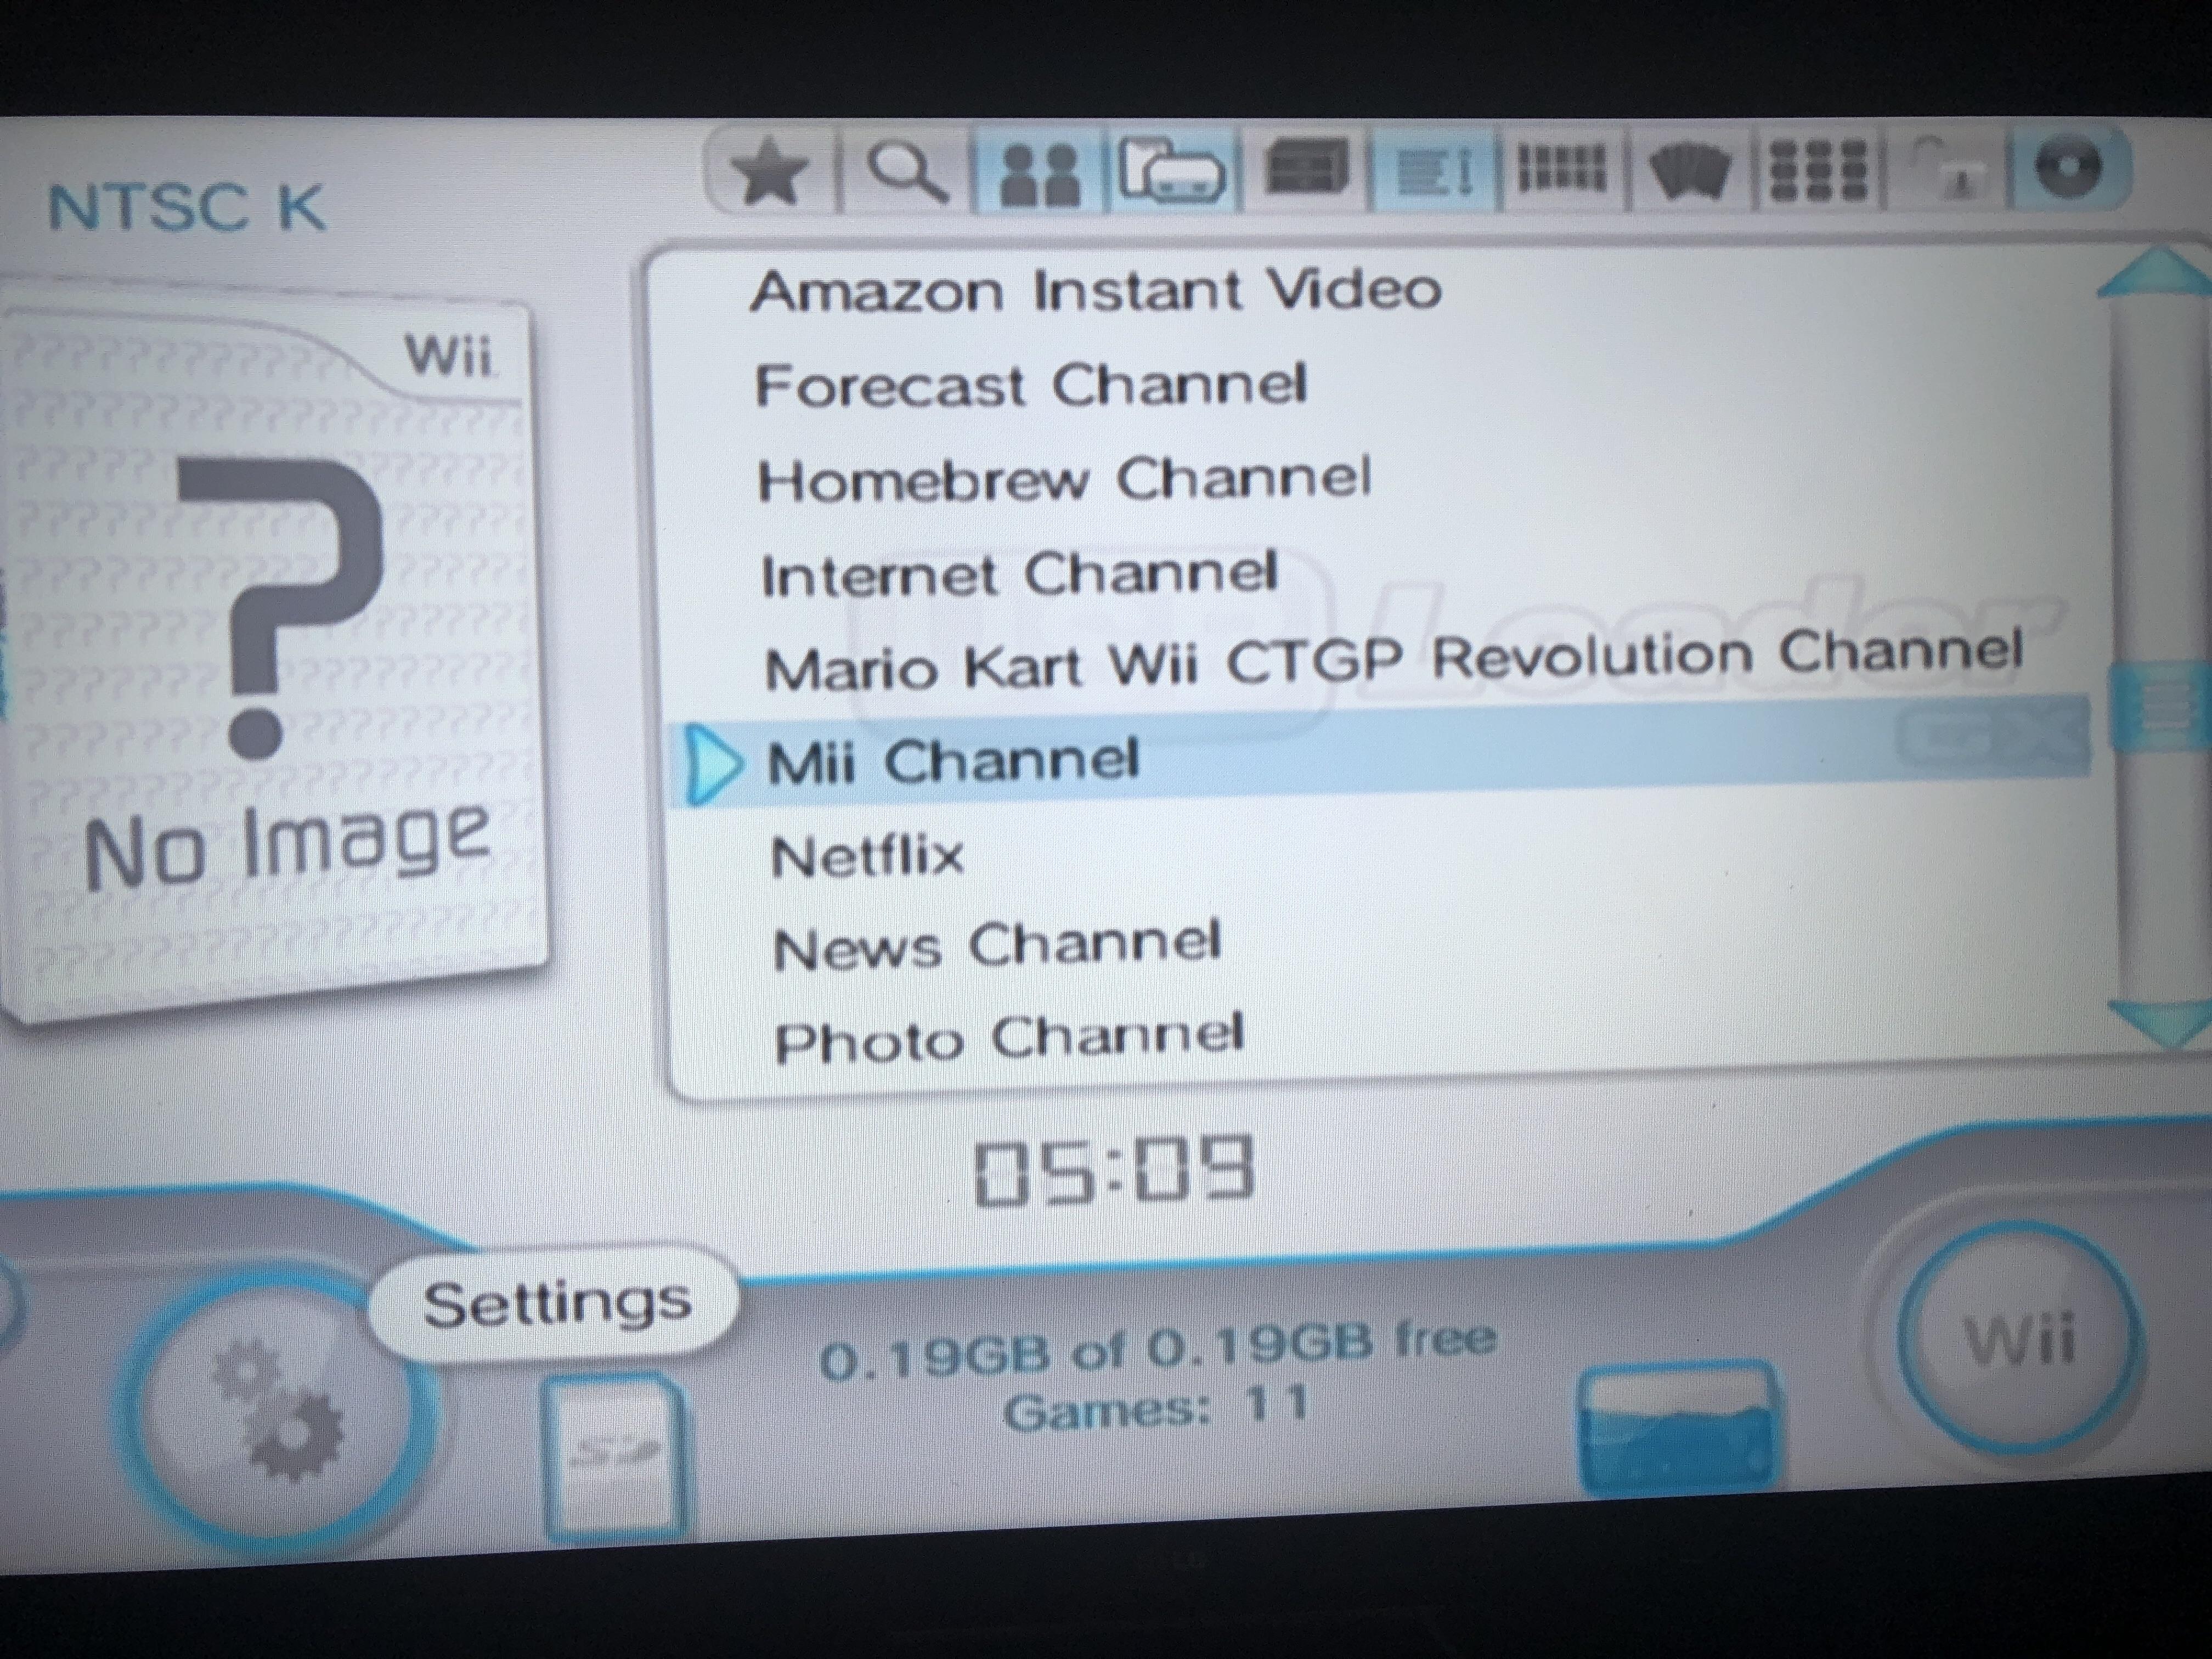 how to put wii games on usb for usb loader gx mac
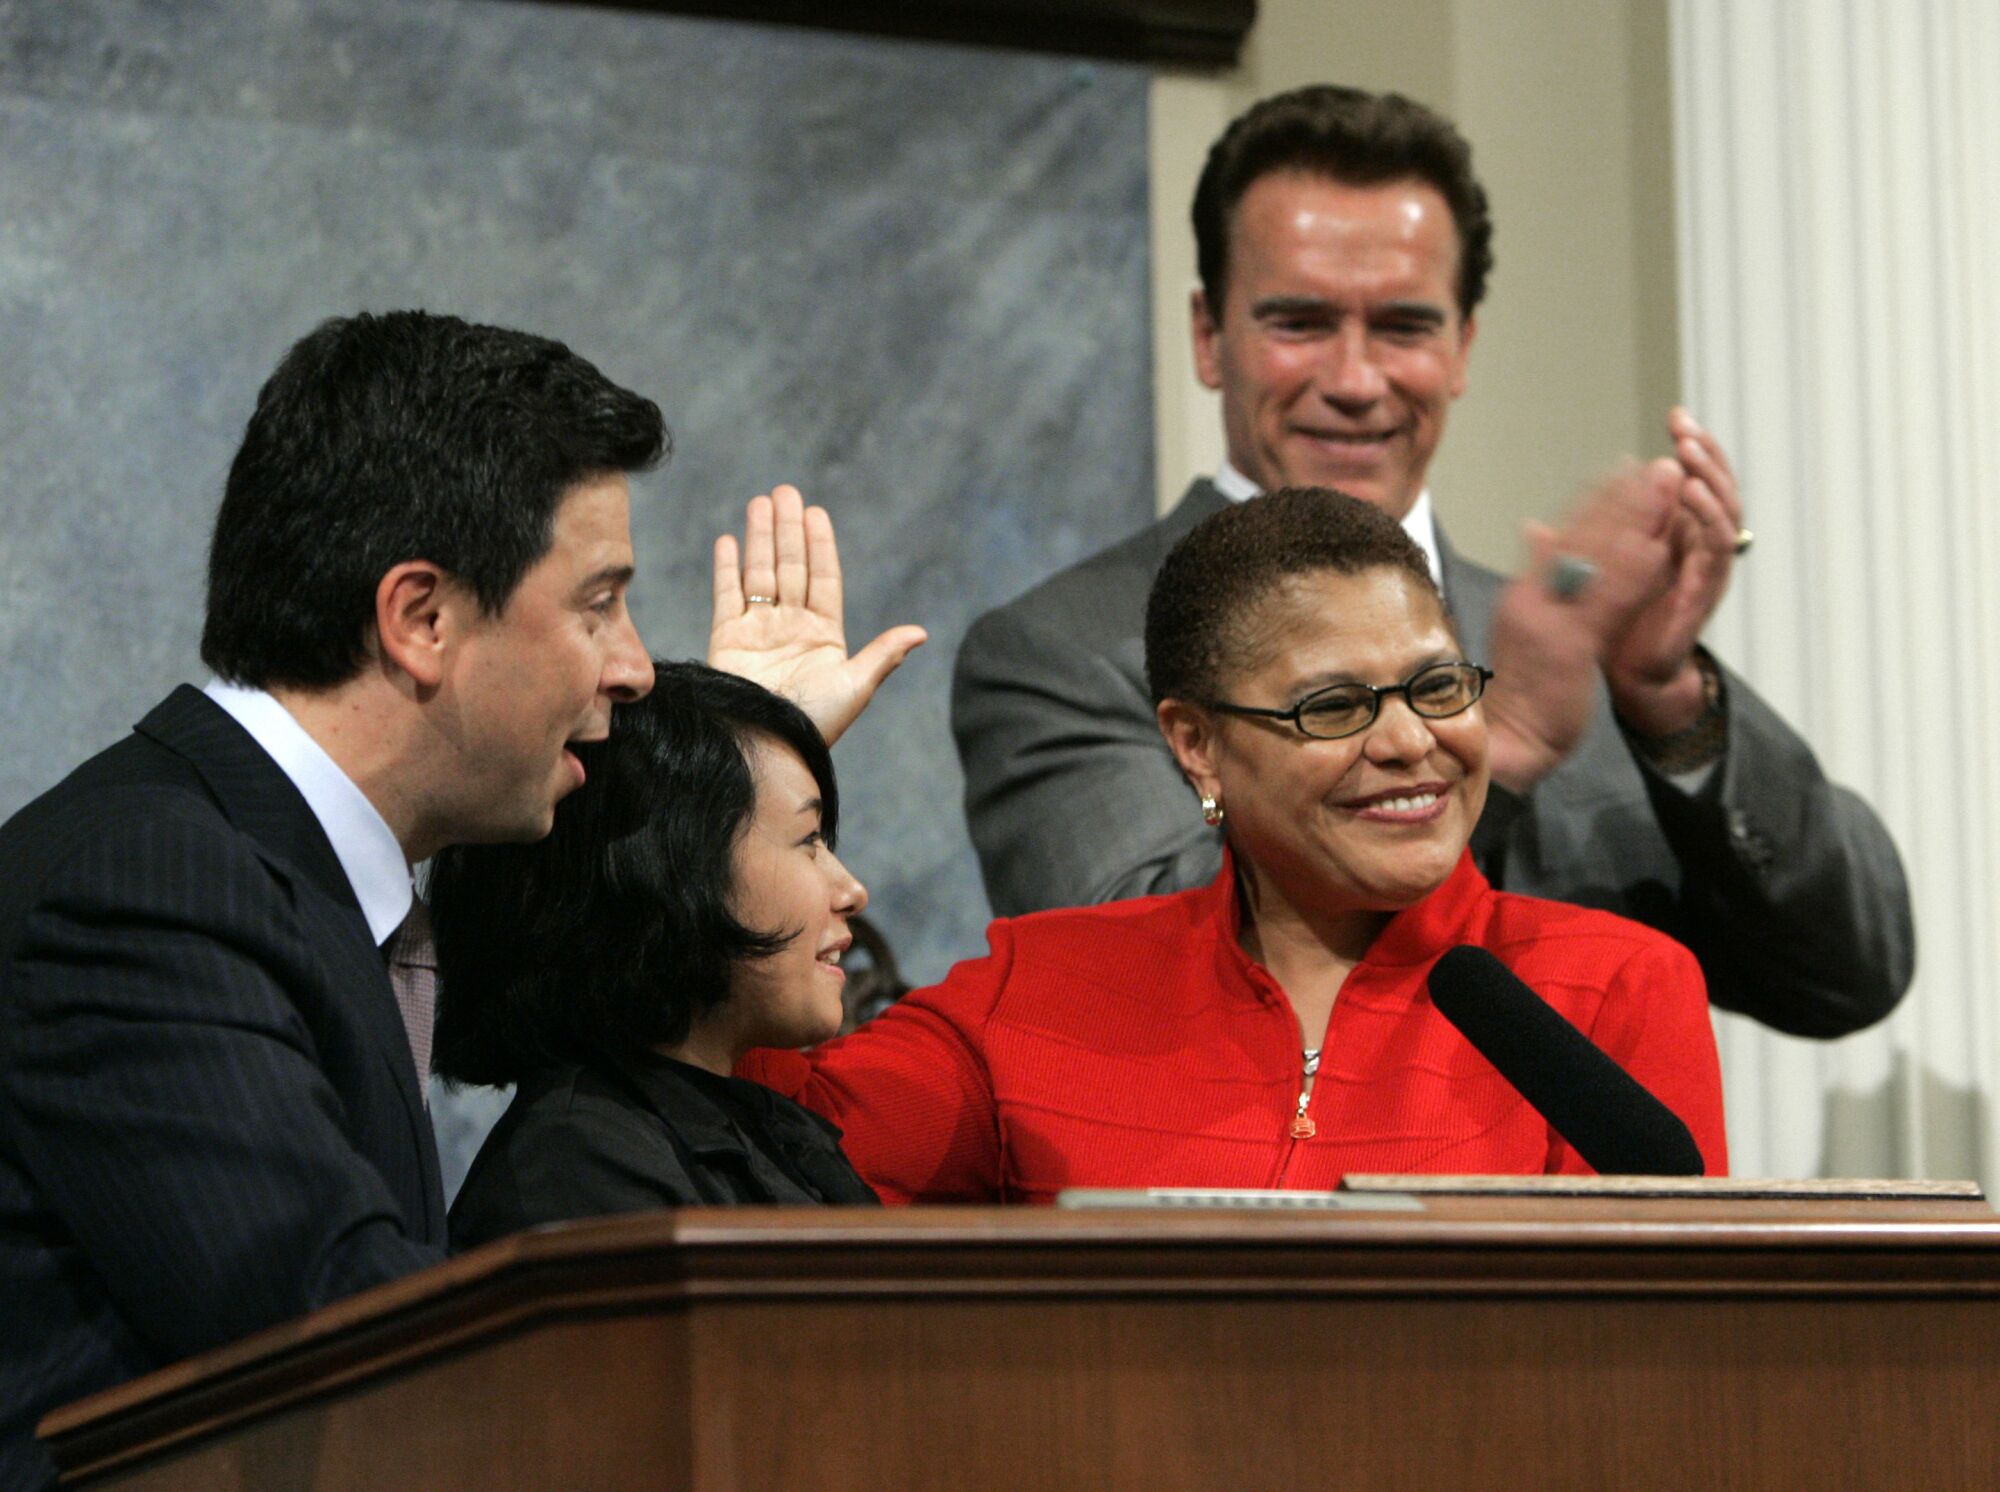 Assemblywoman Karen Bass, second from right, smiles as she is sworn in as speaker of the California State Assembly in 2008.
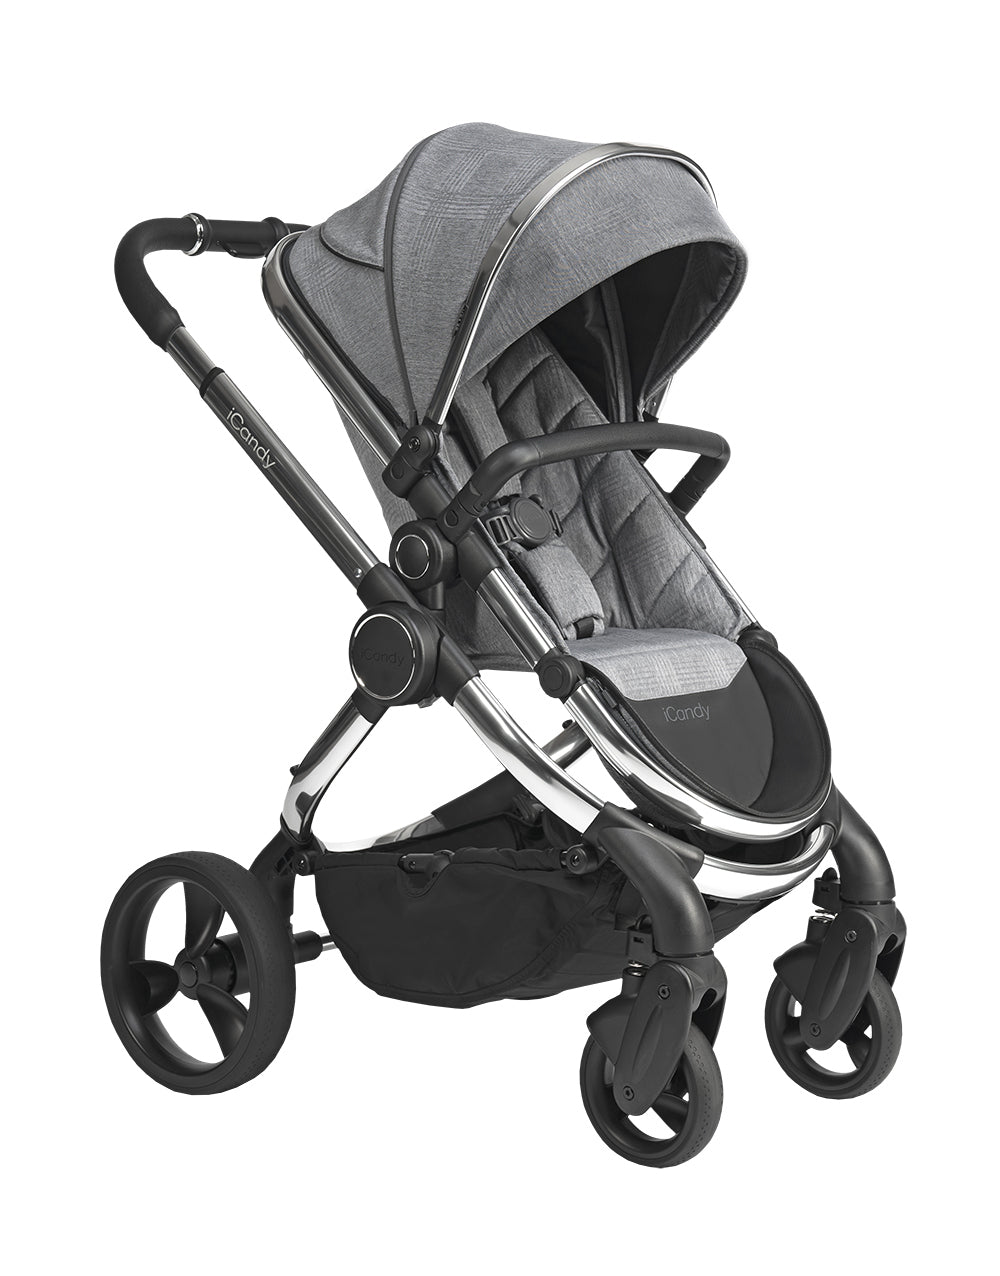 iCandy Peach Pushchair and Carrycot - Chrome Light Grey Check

■ Assignment
Retype the data above exactly, dropping every picture.

■ Solved exercise
 how to put wii games on usb for usb loader gx mac
 Assemblywoman Karen Bass, second from right, smiles as she is sworn in as speaker of the California State Assembly in 2008.
 iCandy Peach Pushchair and Carrycot - Chrome Light Grey Check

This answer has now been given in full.